### THE PROBLEM:
I'd like the data beneath this line reproduced exactly, without any of its images.

DATA EXTRACT section start

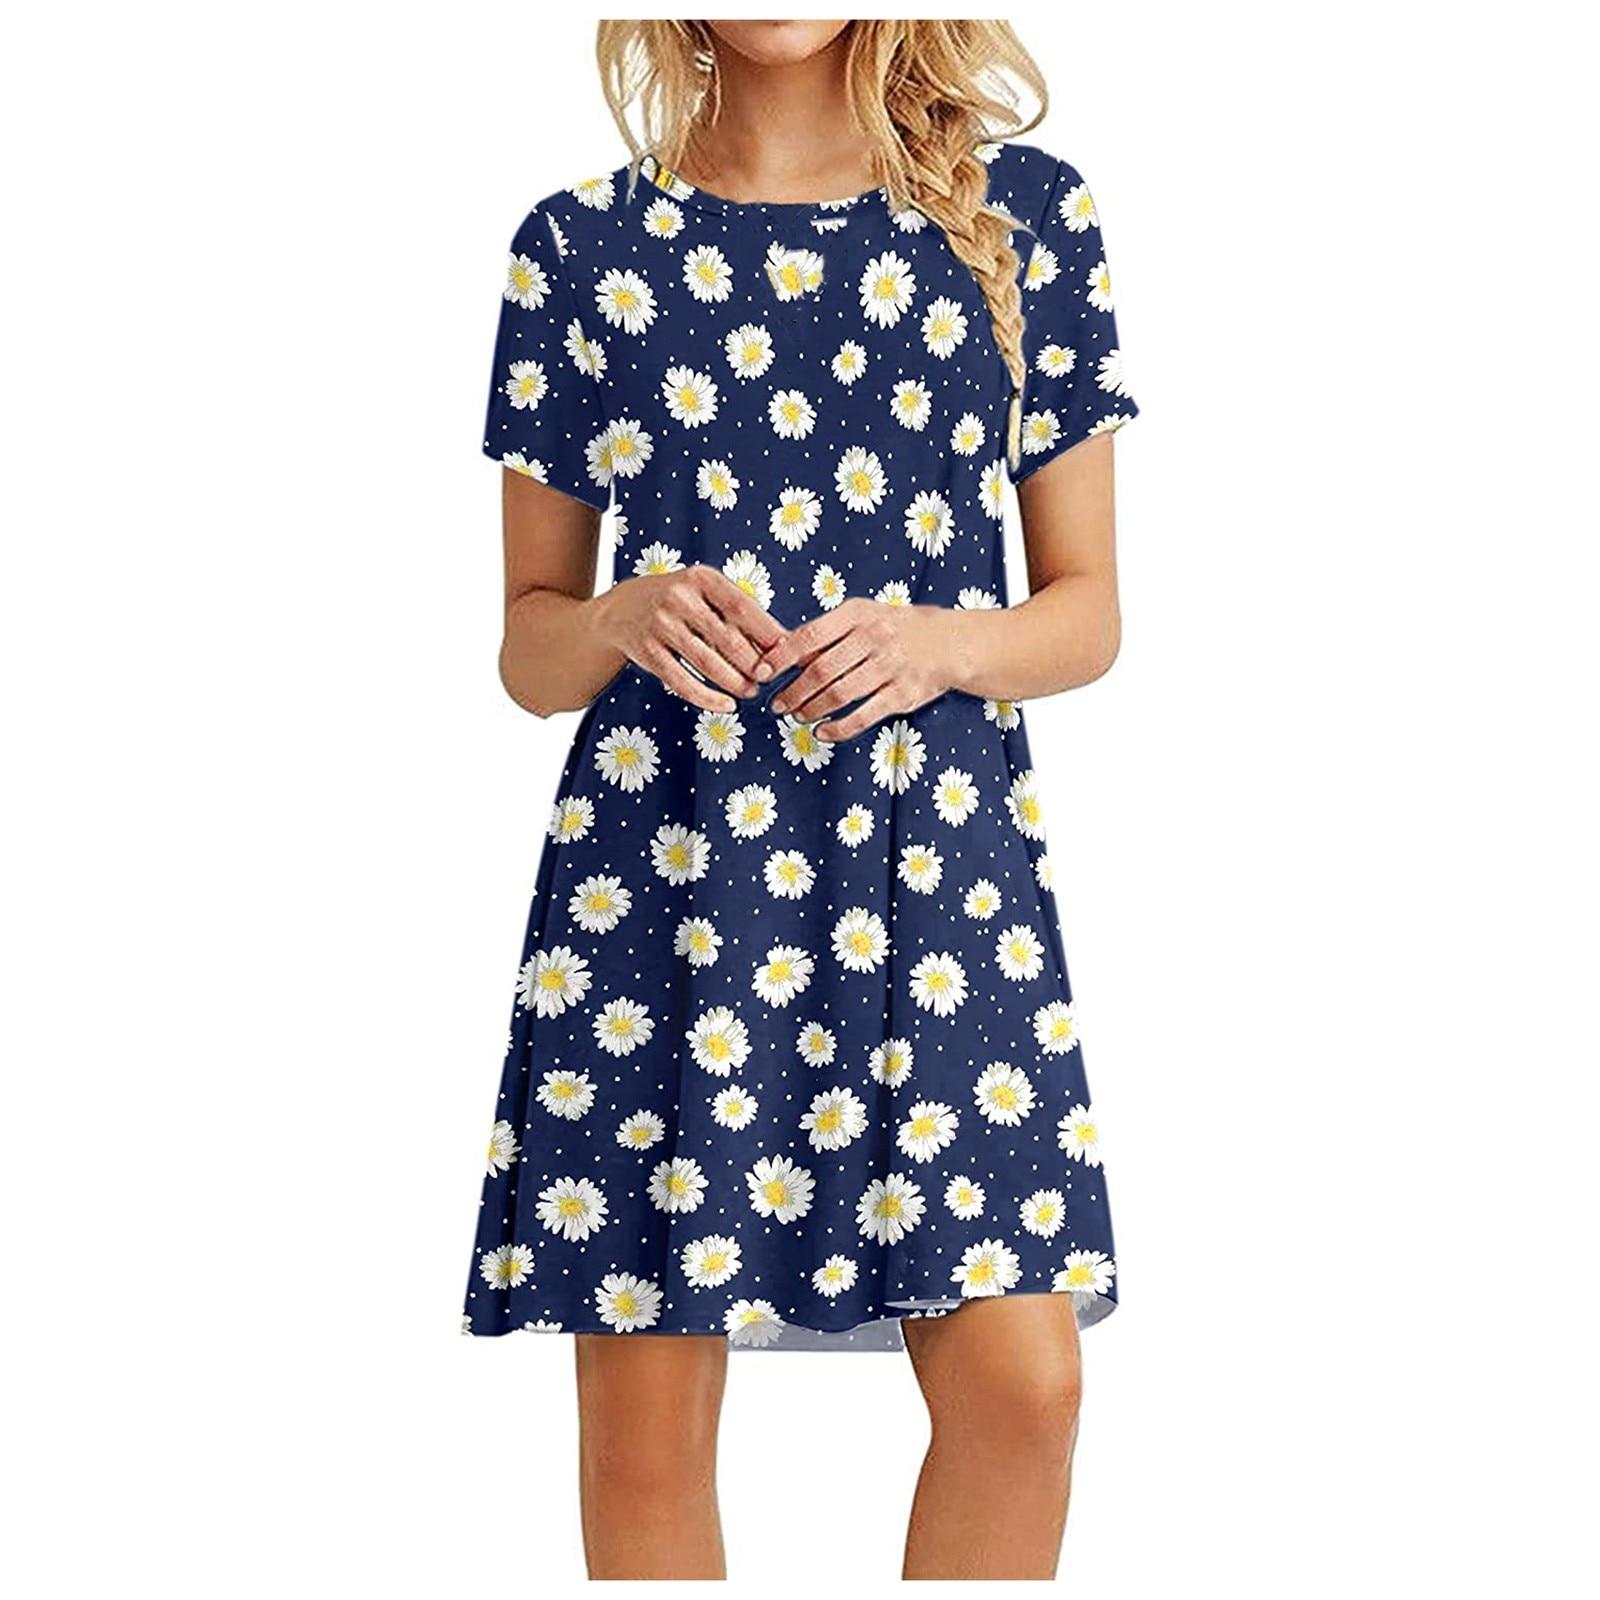 Women's Summer Casual Tshirt Dresses Short Sleeve Boho Beach Dress 4
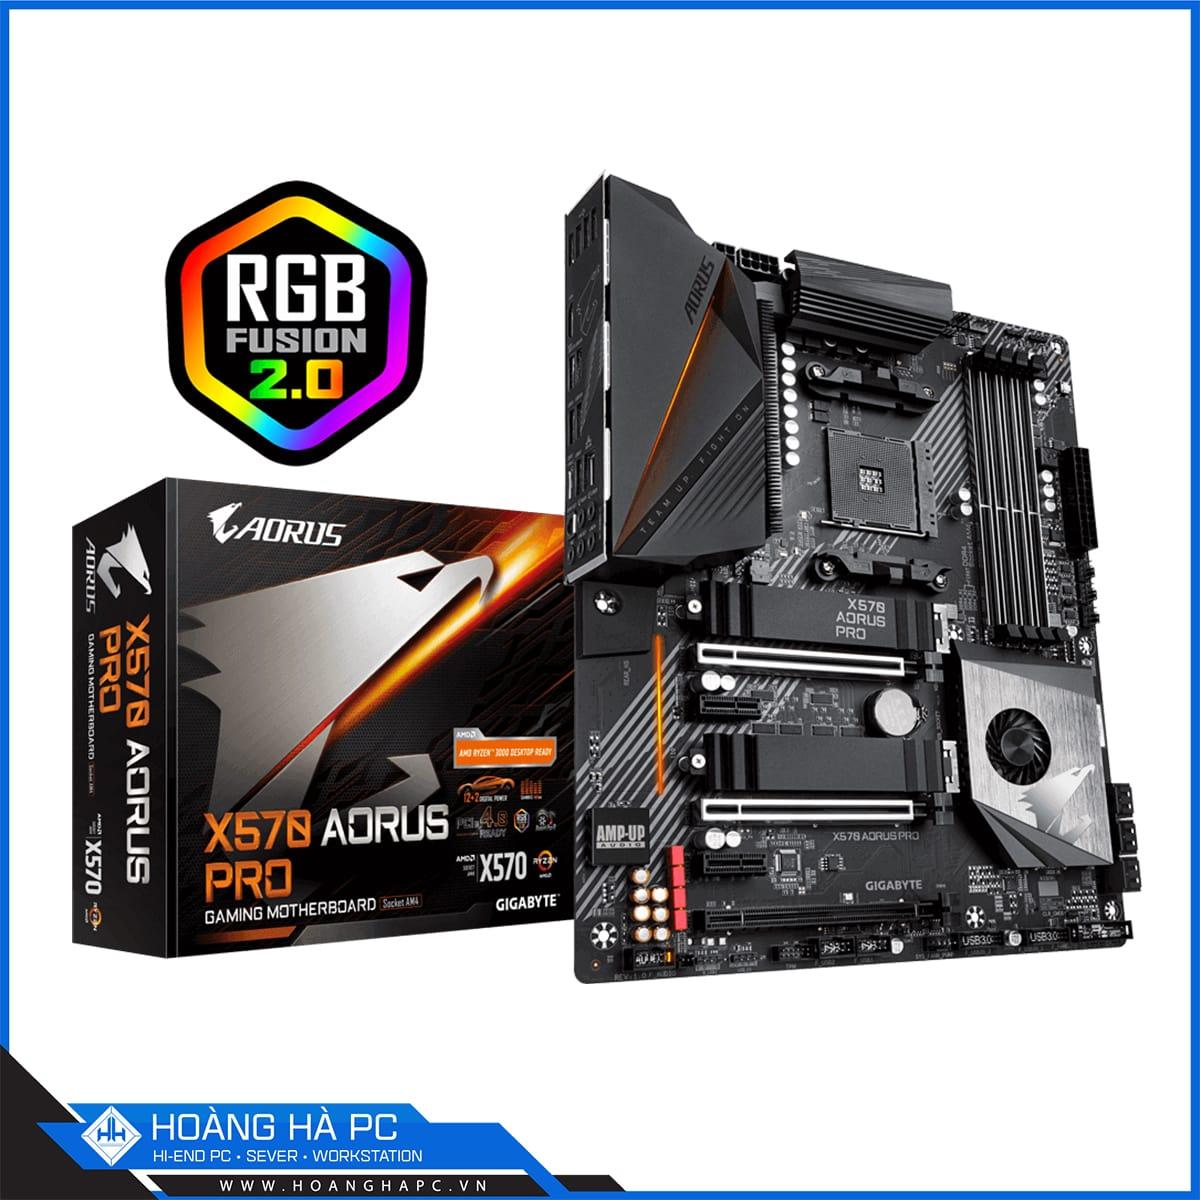 Mainboard GIGABYTE X570 AORUS PRO
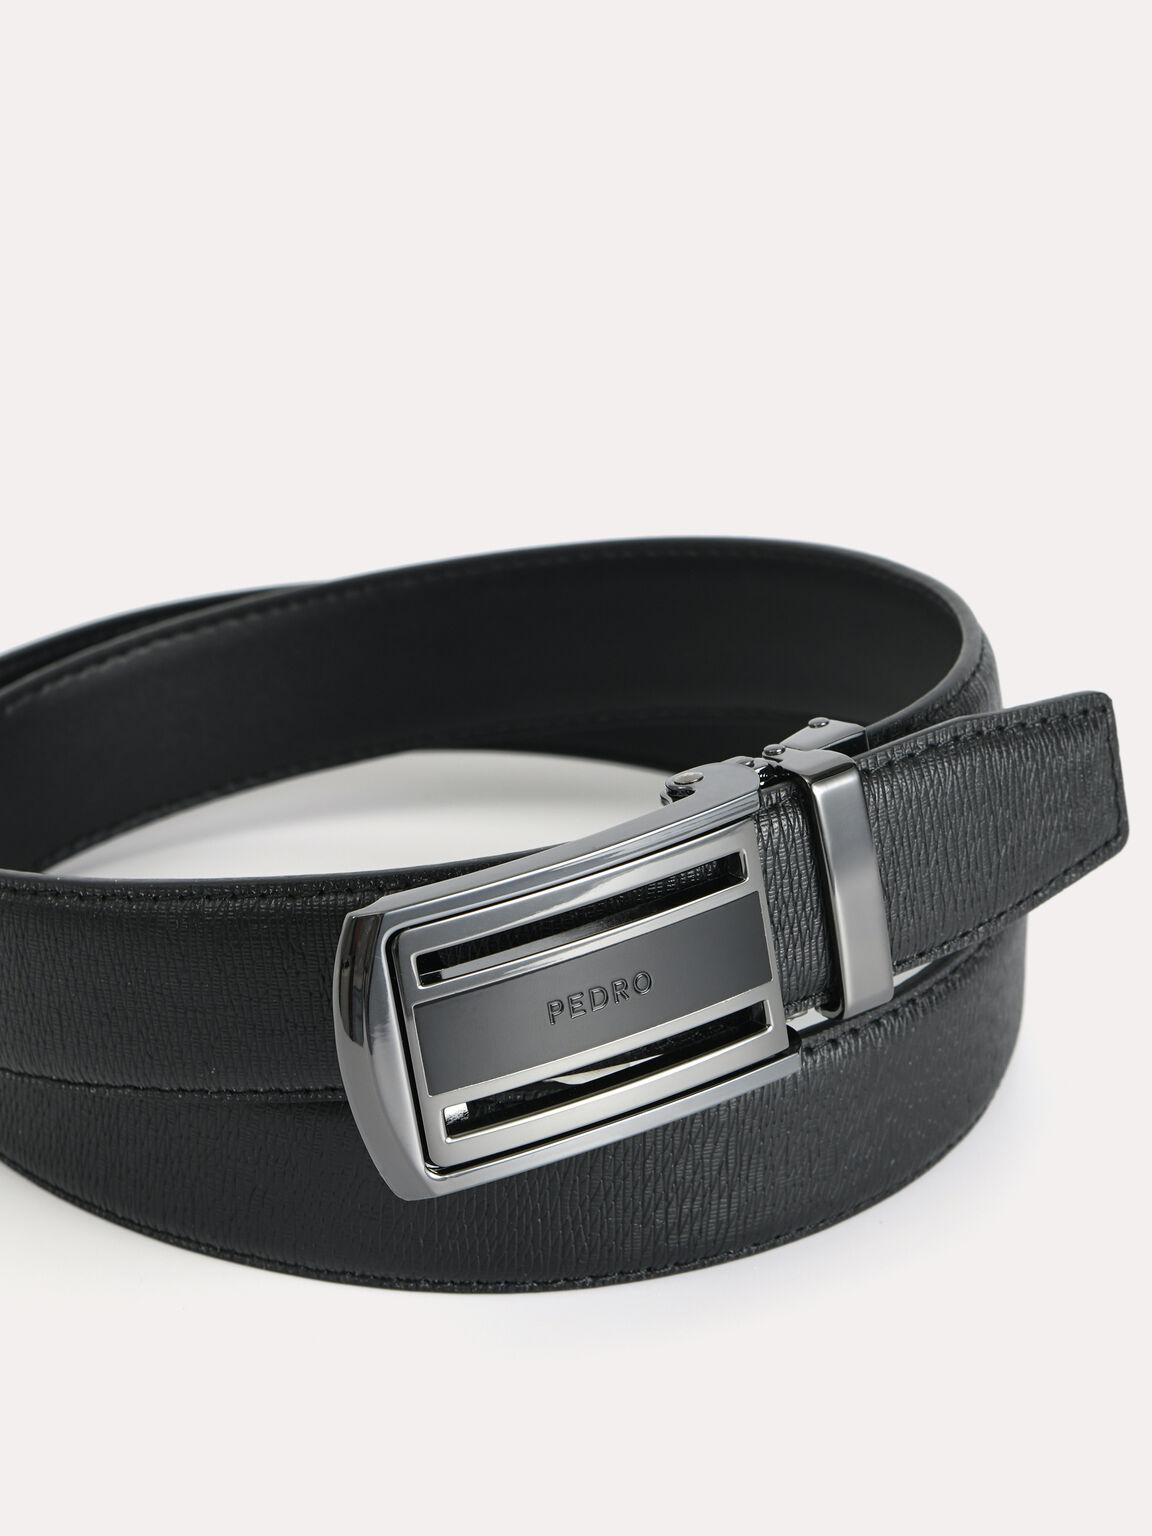 Textured Leather Automatic Belt, Black, hi-res

DATA EXTRACT section end

### ANSWER FOR THIS EXERCISE:
 Women's Summer Casual Tshirt Dresses Short Sleeve Boho Beach Dress 4
 Mainboard GIGABYTE X570 AORUS PRO
 Textured Leather Automatic Belt, Black, hi-res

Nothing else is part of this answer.